QOSCFG[daily]     QFLAGS=DEADLINE,TRIGGER
QOSCFG[daily]     MEMBERULIST=admin,datacenter

QOSCFG[web]       MEMBERULIST=web,apache

QOSCFG[contract1] QFLAGS=DEADLINE MEMBERULIST=customer1

The above example shows that four QoS options have been defined. The first and second QoS (nightly and daily) have special flags that allow the jobs to contain triggers and to have a hard deadline. All the QoS options contain a user list of those users who have access to submit to the QoS. Notice that multiple configuration lines are allowed for each QoS.

Once the QoS options have been created, the associated standing reservations must also be created. Example 17 shows how this is done in the moab.cfg file.

SRCFG[dc_night] STARTTIME=00:00:00 ENDTIME=04:00:00
SRCFG[dc_night] HOSTLIST=Node0[1-8]$ QOSLIST=nightly

SRCFG[dc_day]   STARTTIME=06:00:00 ENDTIME=19:00:00
SRCFG[dc_day]   HOSTLIST=Node0[1-5]$ QOSLIST=daily

SRCFG[websrv1]  STARTTIME=08:00:00 ENDTIME=16:59:59
SRCFG[websrv1]  HOSTLIST=Node0[7-8]$ QOSLIST=web
SRCFG[websrv2]  STARTTIME=06:00:00 ENDTIME=19:00:00
SRCFG[websrv2]  HOSTLIST=Node09 QOSLIST=web
SRCFG[websrv3]  STARTTIME=00:00:00 ENDTIME=23:59:59
SRCFH[websrv3]  HOSTLIST=Node10 QOSLIST=web

SRCFG[cust1]    STARTTIME=17:00:00 ENDTIME=23:59:59
SRCFG[cust1]    HOSTLIST=NODE0[6-8]$ QOSLIST=contract1

In this example, we show the creation of the different standing reservations. Each of the standing reservations has a start and end time, as well as the host list and the associated QoS. Three separate standing reservations were used for the web services because of the different nodes and time period sets. This setup works fine here because Web services is going to be small, serial jobs. In other circumstances, a different reservation structure would be needed for maximum performance.

5.4.3 Submitting a Job to a Standing Reservation

It is not uncommon for a particular user to have access to multiple QoS options. For instance, Example 2 shows the user datacenter has access to both the nightly and daily QoS options. Consequently, it is necessary to denote which QoS option is to be used when a job is submitted.

In the example below, the script nightly.job.cmd is being submitted using the QoS option nightly. Consequently, it will be able to run using the nodes reserved for that QoS option in Example 3.
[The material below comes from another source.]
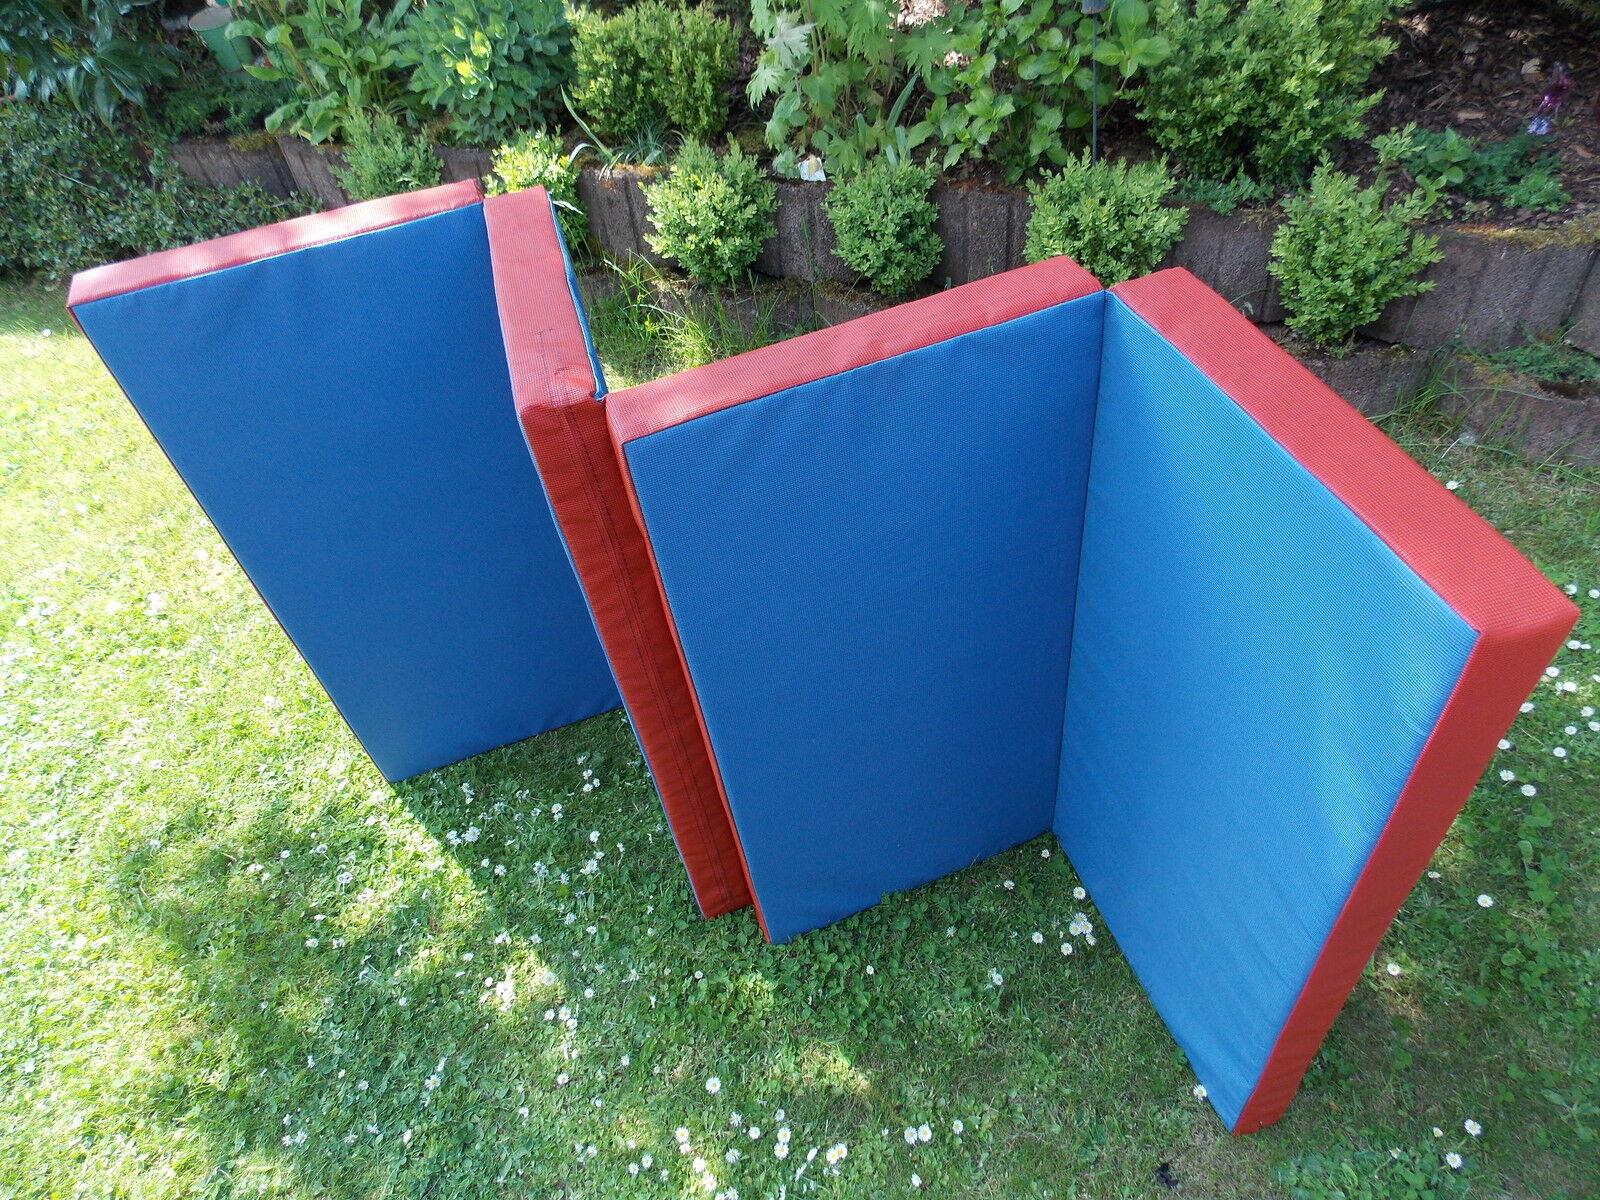 Weichbodenmatte, Turnmatte 200 x 100 x 8 cm - blau blau blau rot. 3 x klappbar 68f81c

> msub -l qos=nightly nightly.job.cmd

5.5 Workflow Dependencies

With the different standing reservations and associated QoSs configured in Moab, the process of converting the workflow can continue. The next steps are to convert the compute jobs and build the dependency tree to support the workflow.
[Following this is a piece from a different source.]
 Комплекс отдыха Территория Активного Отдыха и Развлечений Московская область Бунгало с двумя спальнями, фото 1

5.5.1 Converting Compute Jobs

Most compute jobs will require few, if any, changes to run under the new paradigm. All jobs will be submitted to Moab running on the head node. (See Figure 2.) Moab will then schedule the job based on a number of criteria, including user, QoS, standing reservations, dependencies and other job requirements. While the scheduling is dynamic, proper use of QoS and other policies will ensure the desired execution of jobs on the cluster.

Jobs may read and write files from a network drive. In addition, Moab will return all information written to STDOUT and STDERR in files denoted by the Job ID to the user who submitted the job.

> echo env | msub

40278

> ls -l

-rw------- 1 user1 user1   0 2007-04-03 13:28 STDIN.e40278
-rw------- 1 user1 user1 683 2007-04-03 13:28 STDIN.o40278

The above example shows the created output files. The user user1 submitted the env program to Moab, which will return the environment of the compute node on which it runs. As can be seen, two output files are created: STDIN.e40278 and STDIN.o40278 (representing the output on STDERR and STDOUT, respectively). The Job ID (40278) is used to denote which output files belong to which job. The first part of the file names, STDIN, is the name of the job script. In this case, because the job was submitted to msub's STDIN via a pipe, STDIN was used.

5.5.2 Introduction to Triggers

Triggers are one way to handle dependencies in Moab. This section introduces triggers and several of their key concepts. Additional trigger information is available.

In its simplest form, a trigger has three basic parts:

  1. An object
  2. An event
  3. An action

The concept of resources in Moab has already been introduced. In addition to resources, Moab is aware of a number of other entities, including the scheduler, resource managers, nodes and jobs. Each of these are represented in Moab as an object. Triggers may be attached to any of these object types. Also an object instance can have multiple triggers attached to it.

In addition to an object, each trigger must have an event specified. This event determines when the triggers action will take place. In Moab terminology, this is known as an event type. Some popular event types include cancel, create, end, start and threshold.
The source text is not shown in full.